This is known as **inheritance** -- A class that takes on attributes from another "parent" class and adds some more of its own functionality.

#### Is a and Has a Relationship
* A Pterodactyl **is-a** Dinosaur
* A Tyrannosaurus **is-a** Dinosaur
* Is a Pterodactl a dinosaur? Yes, pterodactly inherits from dinosaur.
* Is a Tyrannosaurus a pterodactyl? No, but they're both dinosaurs.
* Is a dinosaur a pterodactyl? No, so it doesn't work the other way, either.
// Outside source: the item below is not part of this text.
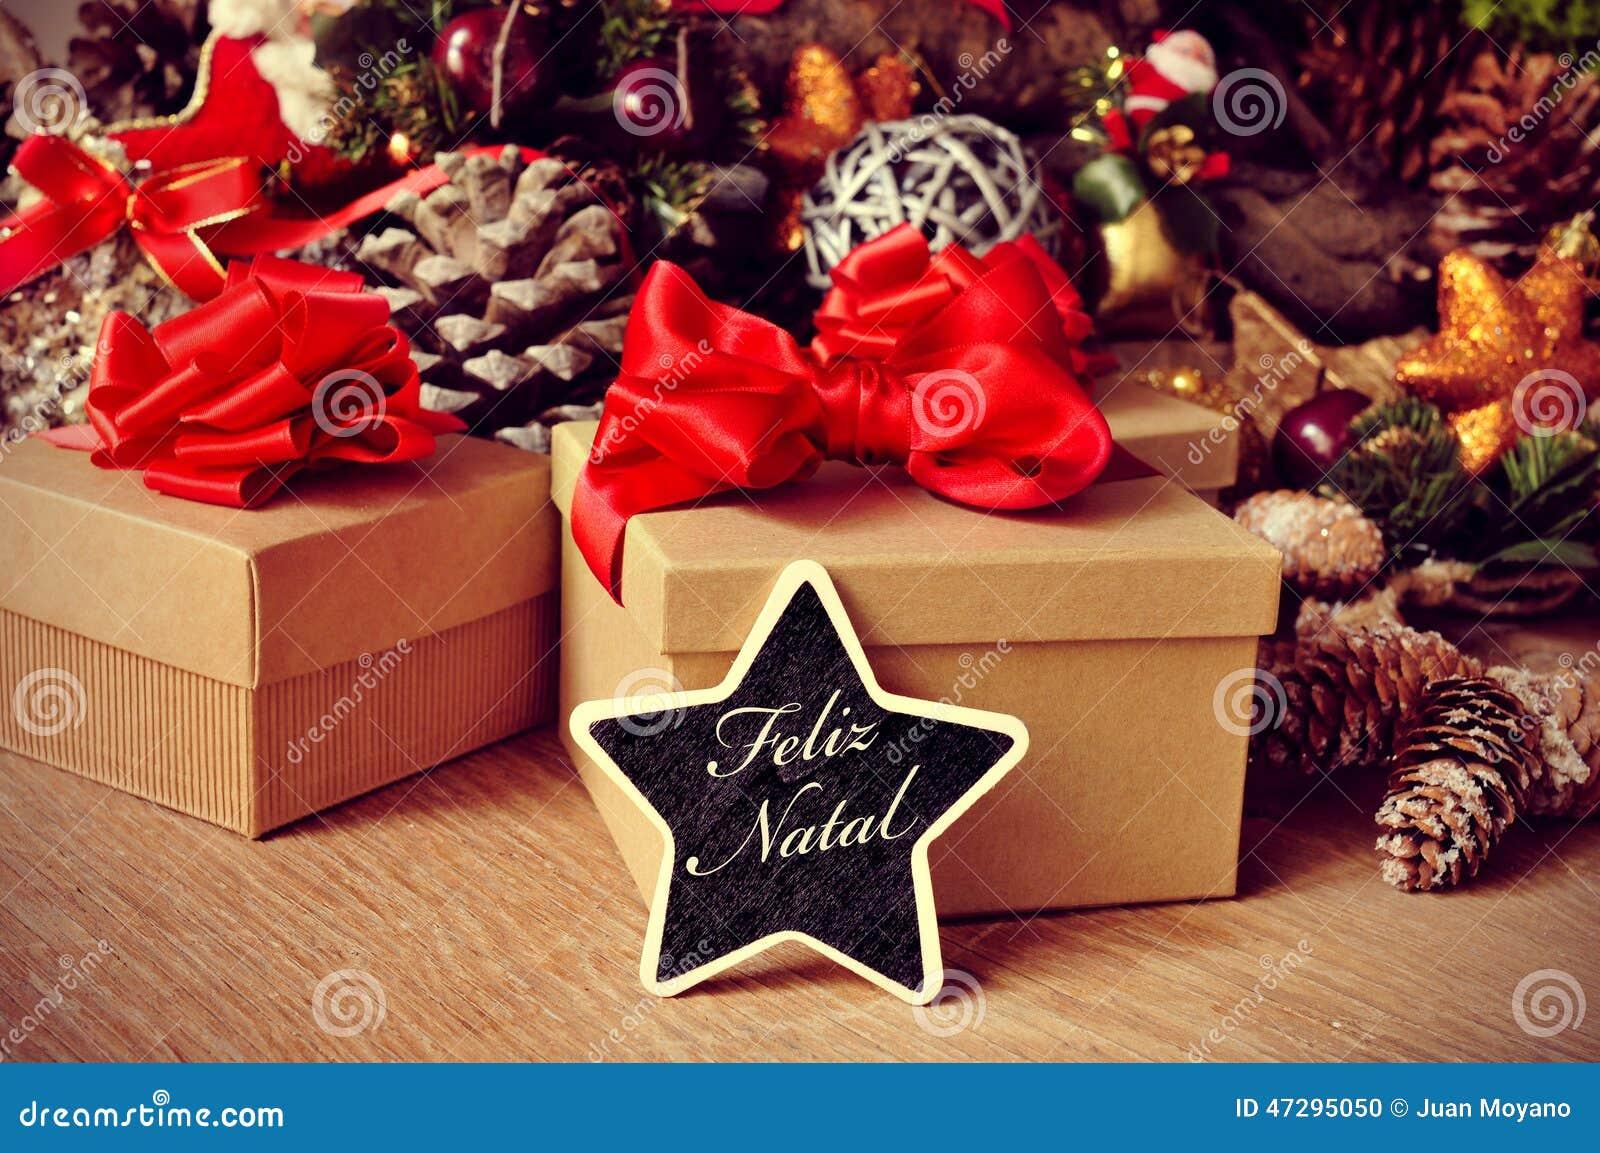 feliz geburts frohe weihnachten auf portugiesisch. Black Bedroom Furniture Sets. Home Design Ideas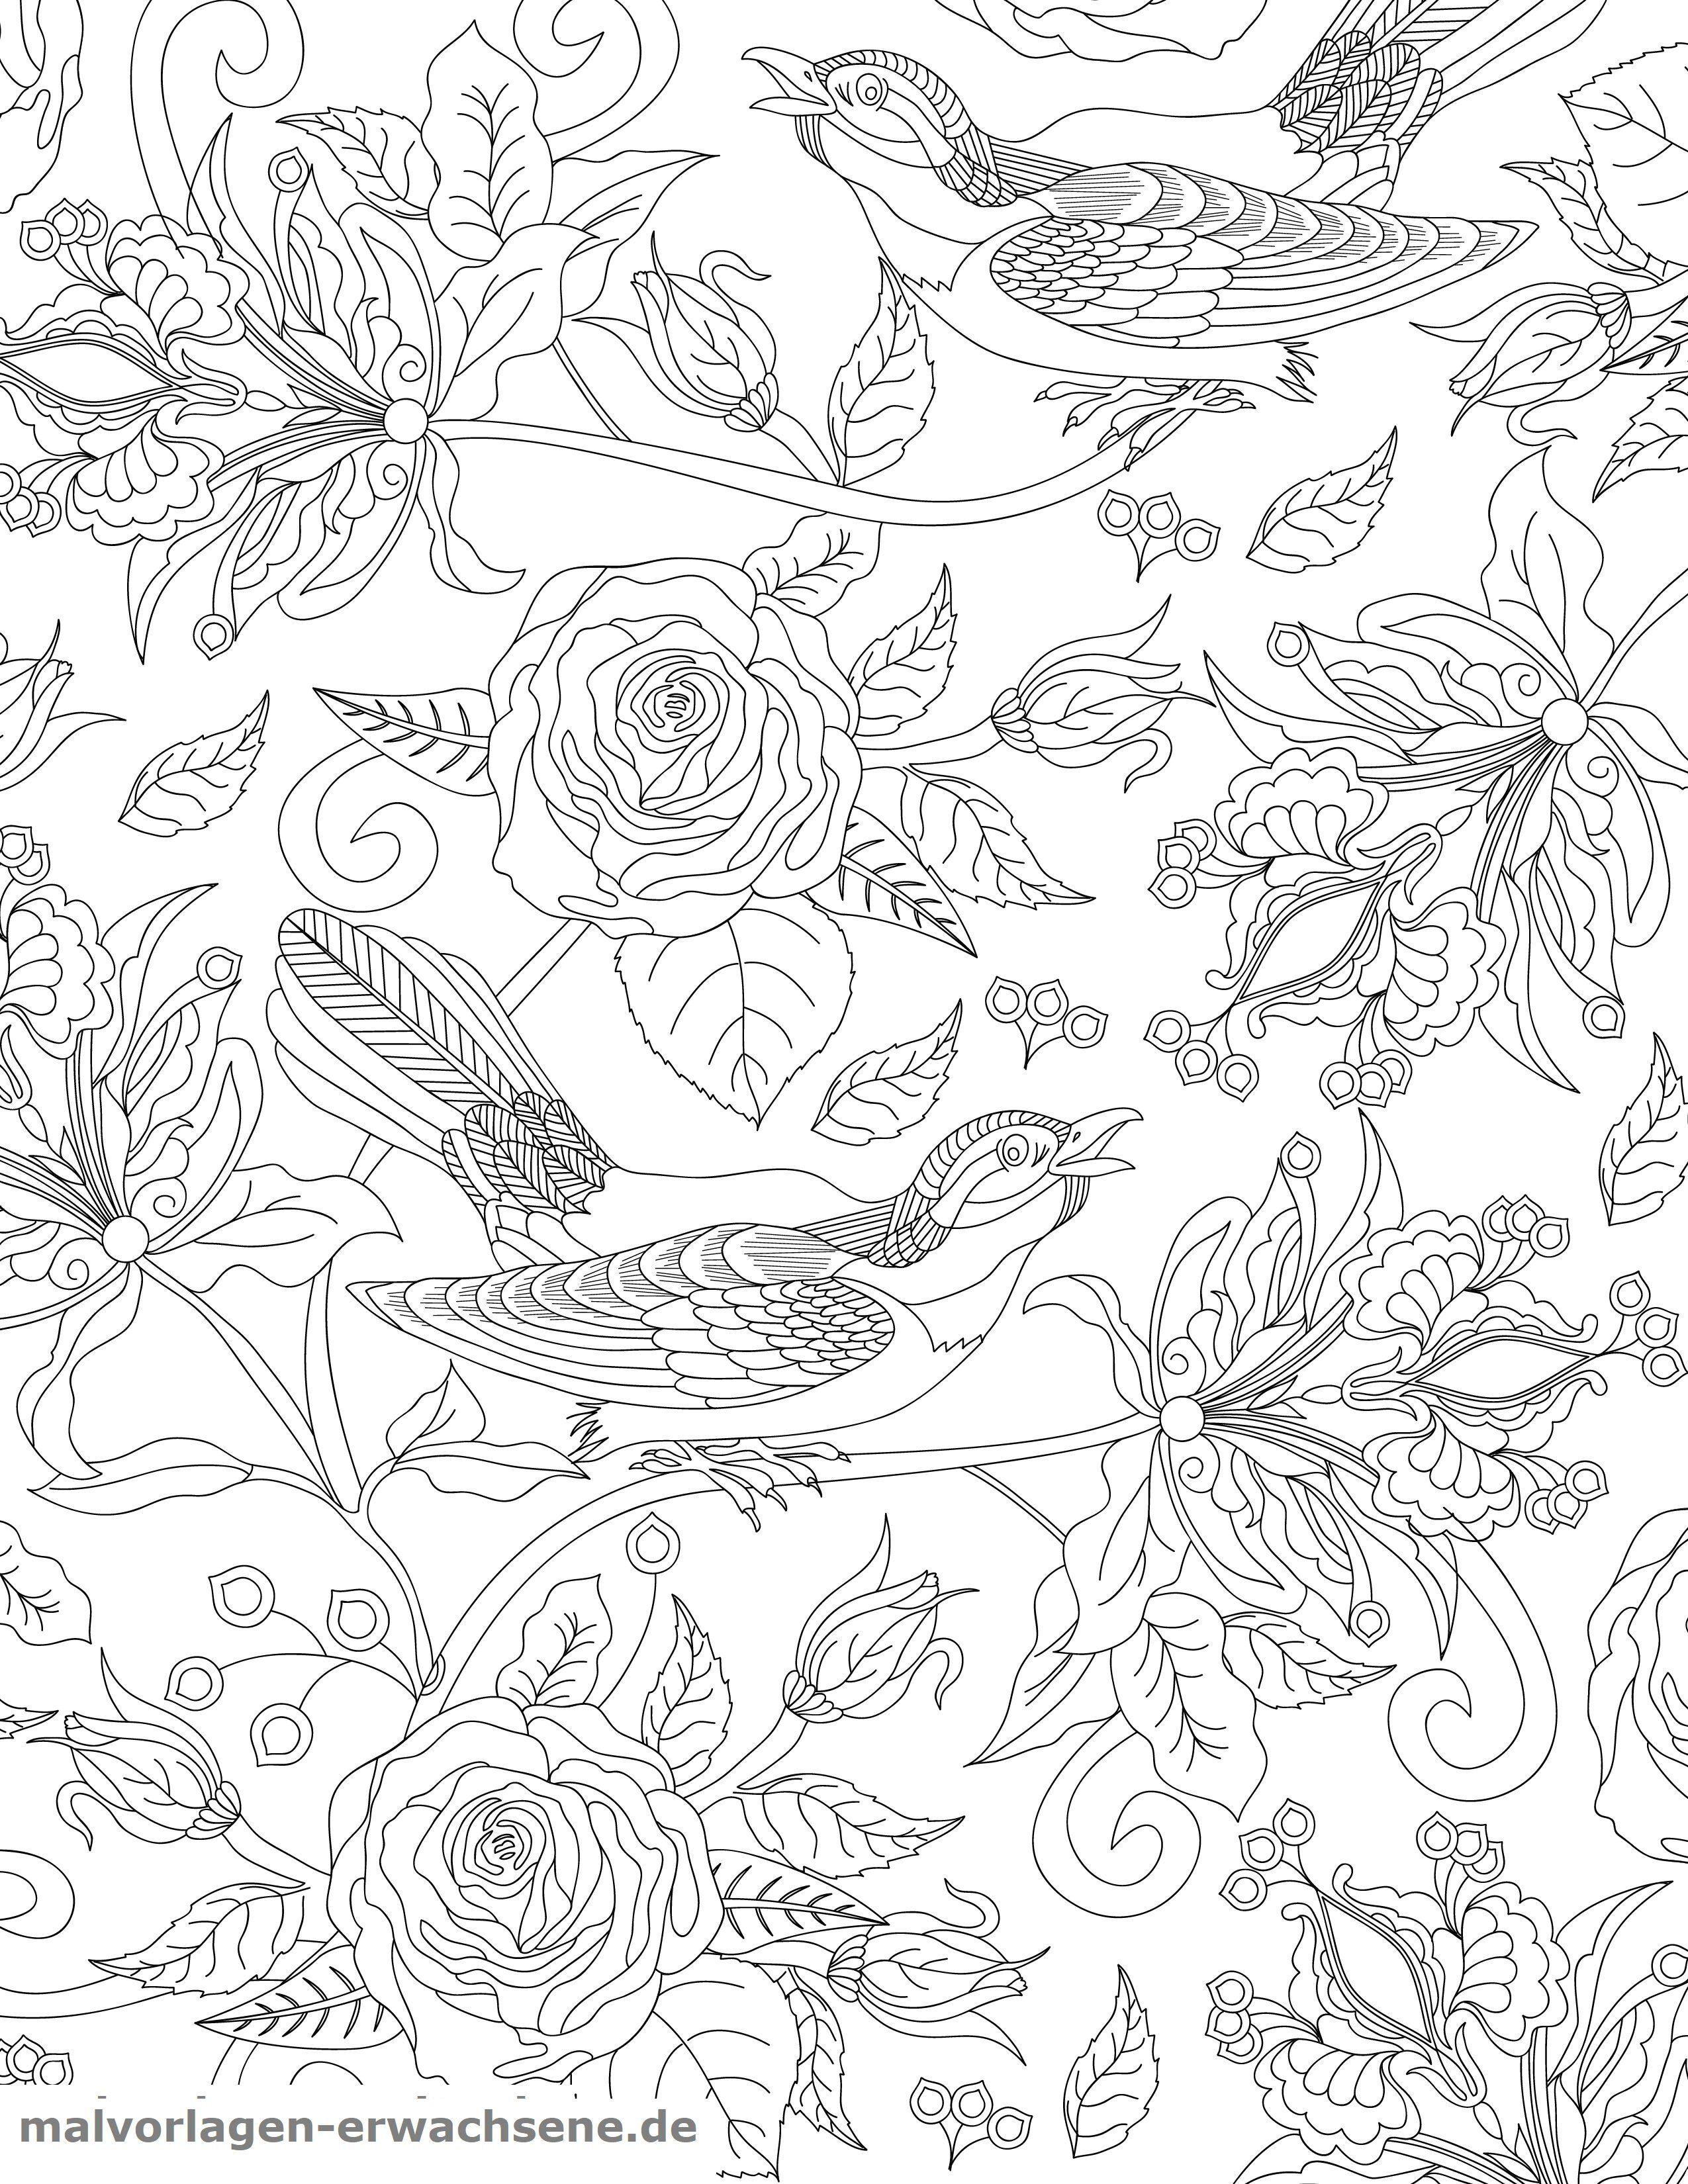 Malvorlage Vögel Und Rosen Gratis Malvorlagen Zum Download

#### Inheriting a DataShell

In [133]:
# new class which inherits from DataShell: StDevDataShell

class StDevDataShell(DataShell): # pass in DataShell here
    # no this class inherits all attributes and methods from DataShell
    pass

#### Example 1 from exercises

In [135]:
# Create a class Animal
class Animal:
    def __init__(self, name):
        self.name = name

# Create a class Mammal, which inherits from Animal
class Mammal(Animal):
    def __init__(self, name, animal_type):
        self.animal_type = animal_type

# Create a class Reptile, which also inherits from Animal
class Reptile(Animal):
    def __init__(self, name, animal_type):
        self.animal_type = animal_type

# Instantiate a mammal with name 'Daisy' and animal_type 'dog': daisy
daisy = Mammal('Daisy', 'dog')

# Instantiate a reptile with name 'Stella' and animal_type 'alligator': stella
stella = Reptile('Stella', 'alligator')

# Print both objects
print(daisy)
print(stella)

<__main__.Mammal object at 0x12bd86310>
<__main__.Reptile object at 0x12bd86c50>


#### Example 2 from exercises

In [136]:
# Create a class Vertebrate
class Vertebrate:
    spinal_cord = True
    def __init__(self, name):
        self.name = name

# Create a class Mammal, which inherits from Vertebrate
class Mammal(Vertebrate):
    def __init__(self, name, animal_type):
        self.animal_type = animal_type
        self.temperature_regulation = True

# Create a class Reptile, which also inherits from Vertebrate
class Reptile(Vertebrate):
    def __init__(self, name, animal_type):
        self.animal_type = animal_type
        self.temperature_regulation = False

# Instantiate a mammal with name 'Daisy' and animal_type 'dog': daisy
daisy = Mammal('Daisy', 'dog')

# Instantiate a reptile with name 'Stella' and animal_type 'alligator': stella
stella = Reptile('Stella', 'alligator')

# Print stella's attributes spinal_cord and temperature_regulation
print("Stella Spinal cord: " + str(stella.spinal_cord))
print("Stella temperature regulation: " + str(stella.temperature_regulation))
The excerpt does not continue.